Abstract

We evaluated biochemical relapse-free survival after surgery for localized prostate cancer, comparing rates between black and white men in the early and late prostate specific antigen eras. Our hypothesis was that the gap in biochemical relapse-free survival between these groups would lessen in the later prostate specific antigen era due to catch-up awareness/availability of screening and treatment in the black population. Data on 2,910 men treated with prostatectomy from 1987 to 2004 were evaluated. The primary end points were 1) rates of organ confined disease and 2) biochemical relapse-free survival after prostatectomy in the early (1987 to 1997) and late (1998 to 2004) prostate specific antigen eras.
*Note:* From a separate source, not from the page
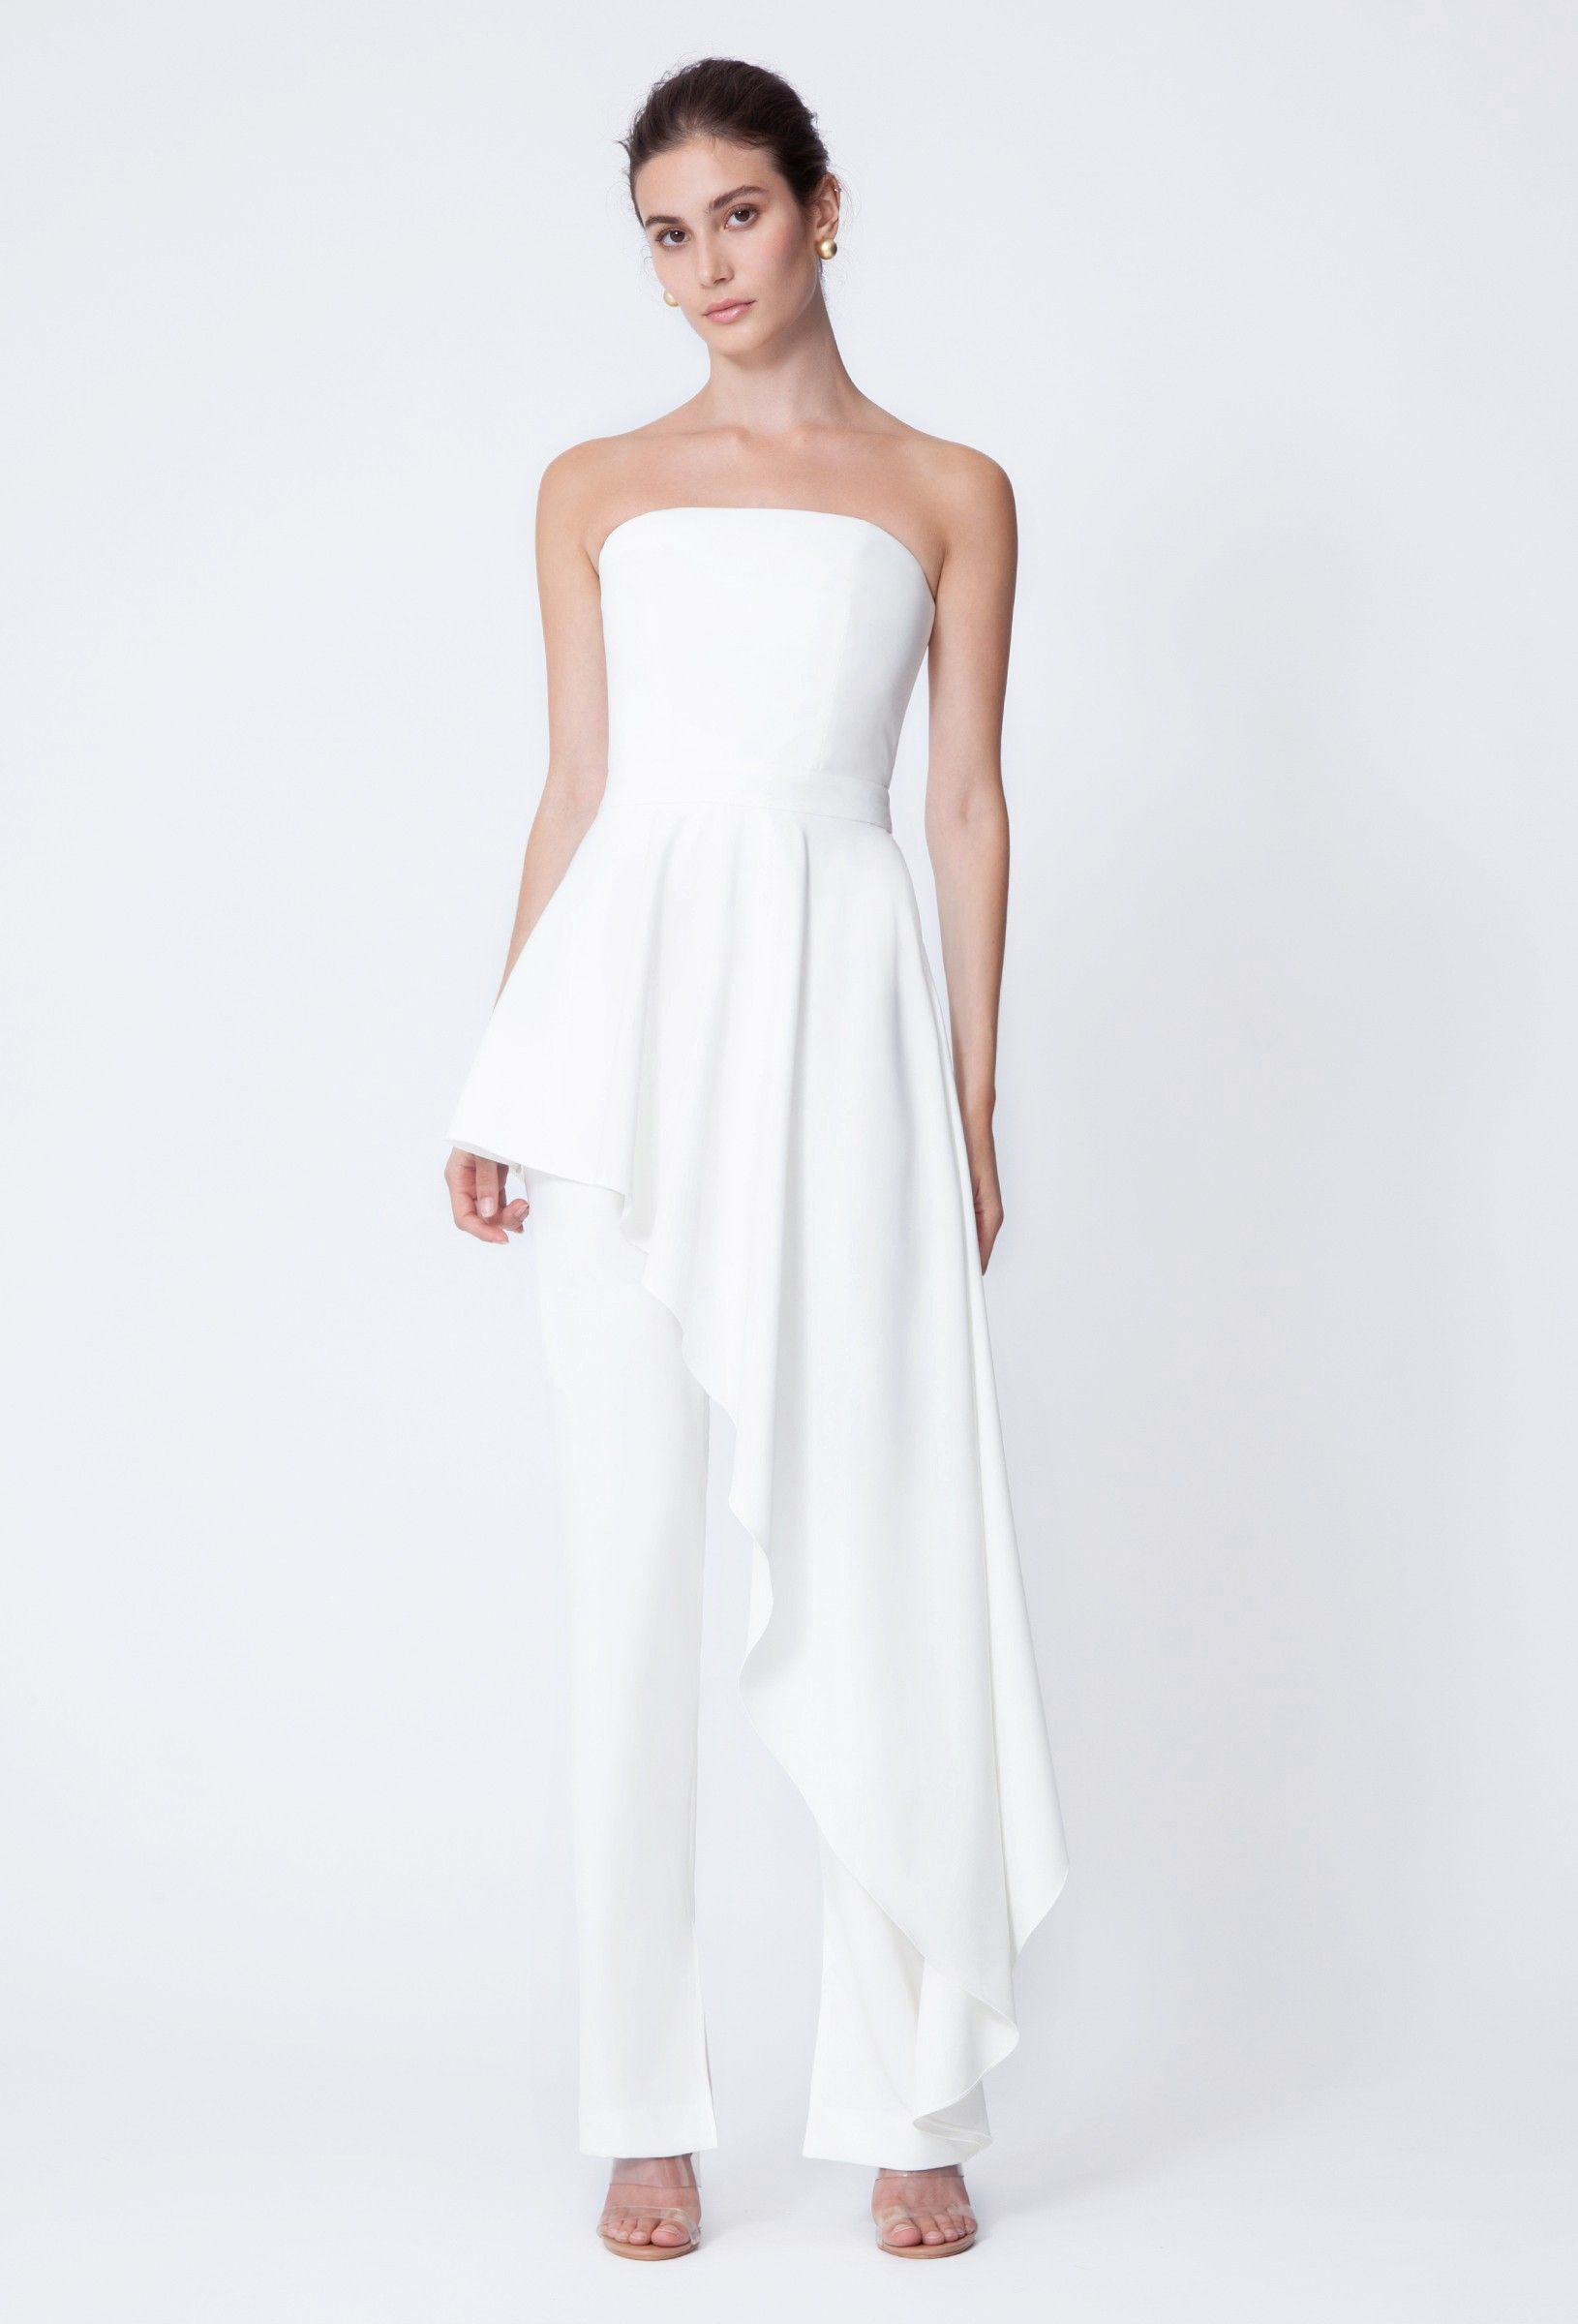 79776324fbb2 Non Formal Wedding Dresses - raveitsafe
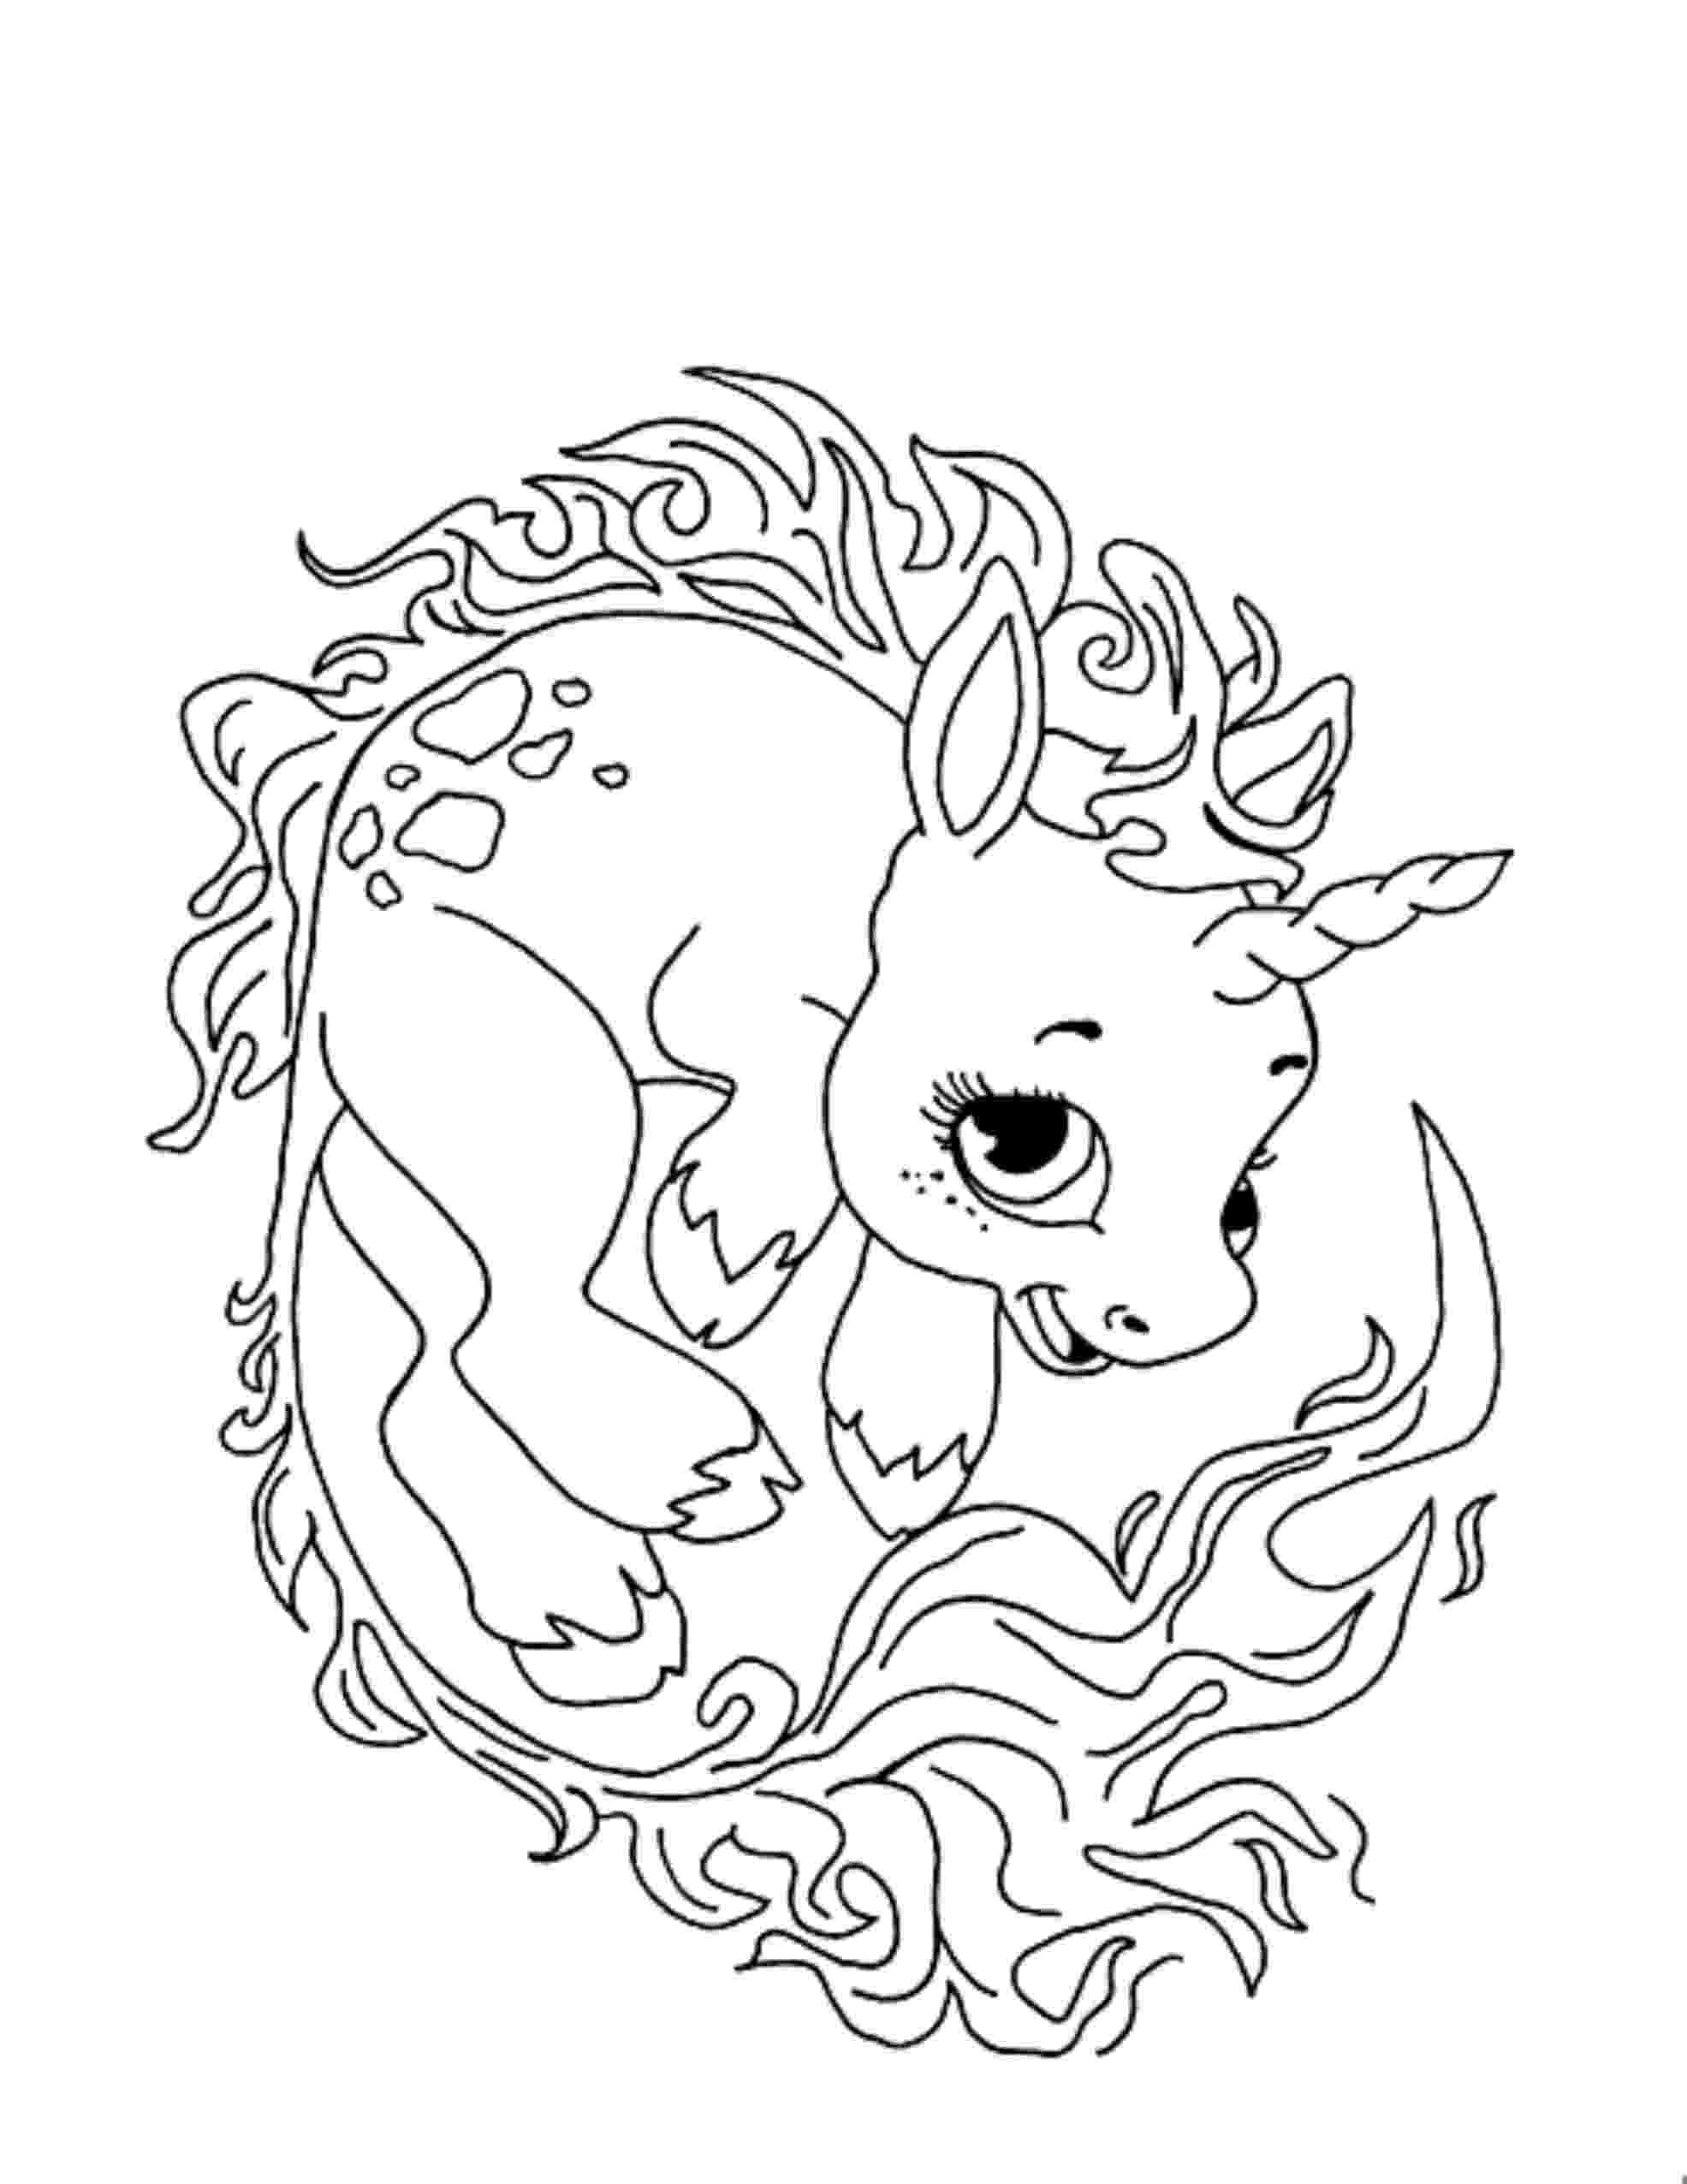 unicorn picture to color cute unicorn coloring page free printable coloring pages picture unicorn to color

Rates of organ confined disease were compared using the chi-square test. Biochemical failure was analyzed using Kaplan-Meier estimates and Cox proportional hazards regression. Median followup for the early and late prostate specific antigen periods was 9.8 (range 1.2 to 18.2) and 3.3 years (range 1.0 to 7.7), respectively. Based on rates of organ confined disease in the early vs late periods black and white men had significant gains in the number presenting with favorable disease at diagnosis in the late prostate specific antigen period (54% vs 76% and 49% vs 71%, respectively, each p <0.01). Despite gains of similar magnitude in favorable features at presentation biochemical relapse-free survival for black men lagged behind white men by 11% at 5 years in the early era and by 12% in the late era. Race was a significant predictor of biochemical relapse-free survival on multivariate analysis in each era. Despite similar increases in the rate of organ confined disease between black and white men in the late vs early prostate specific antigen eras black men continue to show higher rates of biochemical failure after surgery.